WHEN COVID-19 started to spread across the continent a lot of people thought it would be over in a few months. In no time the World Health Organization (WHO) declared it a pandemic. Countries started implementing WHO guidelines to “flatten the curve.”
By Dr Kudakwashe Muchena
Five months after Zimbabwe recorded its first positive case resulting in a lockdown in March to try and manage the pandemic, we are still not yet at the peak. Several people thought that getting through the COVID-19 pandemic would be a sprint and not a marathon.
They were talking about “getting over this and going back to our normal lives”. Five months in, I think it is fair to say it is more akin to the Victoria Fall Marathon or the Two Oceans Marathon. With COVID-19 information and safety guidelines constantly changing, we find ourselves exhausted as we stare, wide-eyed and full of emotions, into a future of unknowns.
The WHO warns of a coming wave of very real mental health conditions made worse by our current reality of lockdown as well as being a low resourced country with few health facilities.
I still vividly remember the weekend before the lockdown, people went on a shopping spree, buying all types of food stuffs and beverages. Some even bragged that they have stocked enough alcohol to last them a month, others hired or downloaded movies, while others collected recipes of all kinds of dishes. We all had a plan, but the plan was just for three weeks or a month at most. Its now five months later, no more talk about stoking beer, cookbooks, exercising manuals etc., we now live by the day. What is now keeping us going is hope.
The lockdown has stretched our mental strength and If we are going to make it through this difficult time with our psychological wellbeing intact, we are going to need mental and emotional stamina in order to have enough stores of this important resource. Already the rate of reported cases of Gender Based Violence (GBV) has increased, divorce rates are on the increase too and not mentioning the trauma and common mental health disorders (CMD) caused by job loss or loss of income for those informally employed.
We need to keep focused. Like I said, this is a marathon and the pandemic is now getting worse with each day making it difficult for the government to consider lifting the lockdown restrictions. For us to go through this we all need to get intentional about setting appropriate limits in certain areas of our lives and being proactive about our emotional and intellectual wellbeing.
The disruption to our daily routines has left many of us in a spin.
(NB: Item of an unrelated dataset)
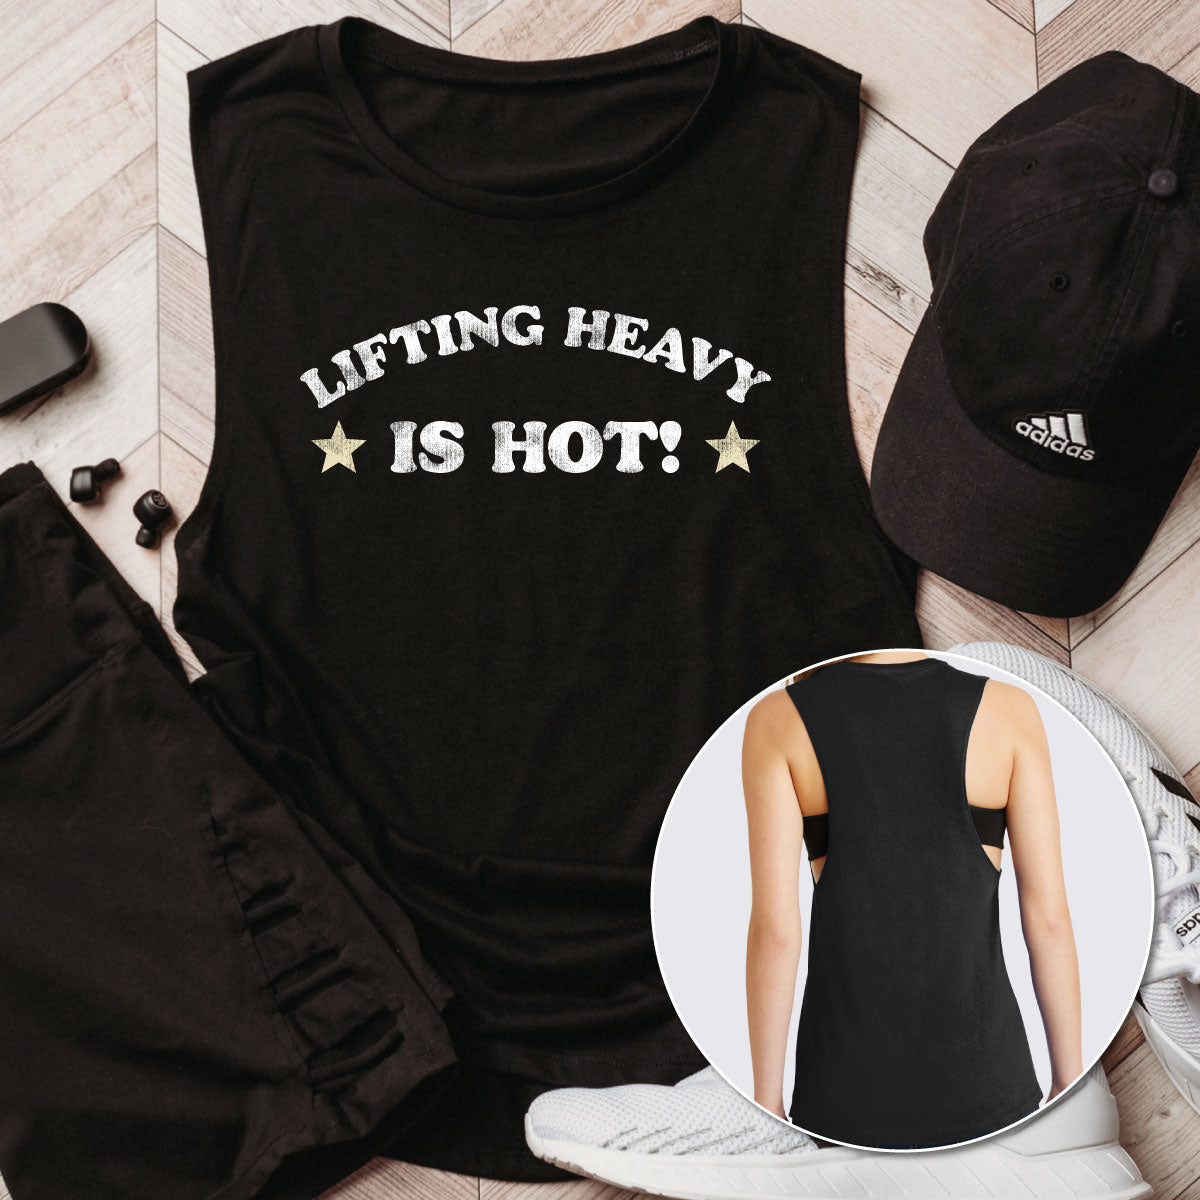 Lifting Heavy is Hot Women's Fitted V.I.T.™ Festival Tank - The LFT  Clothing Company

Having to decide how-to live-in lockdown, and with little guidance on the best way to do it, is mentally exhausting. Whether schooling children at home or facing many months living alone, lockdown has proven to be challenging for large numbers of people. At the beginning of April, a lot of people were in favour of lockdown measures being prioritised to protect health rather than the economy.
Now it’s the very same people who are saying they cannot cope well with a lockdown especially now that it has become stricter with the rising cases of local infections and deaths. More recent observations, however, suggests that adherence to lockdown measures has begun to wane even though restrictions were not eased. Clearly, the lockdown has tested people’s patience to the limit.
If you do not feel like taking continuous work calls, helping children with home schooling, not exercising anymore, or do anything for that matter, you may be suffering from what the experts call ‘lockdown fatigue’. Just like a car, if not driven, runs out of battery, humans face fatigue if they do not move around. It’s mental fatigue and not physical fatigue.
Stress is toxic and is plentiful when we feel out of control. There is such a thing as optimal stress which helps us stay engaged and motivated and drives us to perform. Burn out, fatigue, and hopelessness, however, can result when stress is too intense or prolonged.
Some helpful home remedy tips to stay mentally healthy may include; getting serious about apportioning your living spaces for work, rest, and play, it is important for managing stress. Similarly, the creation of clear and consistent boundaries regarding the amount of time you spend working is crucial. When everything is mixed, you tend to work more than you might otherwise, and your work is also constantly with you. This is true of school as well.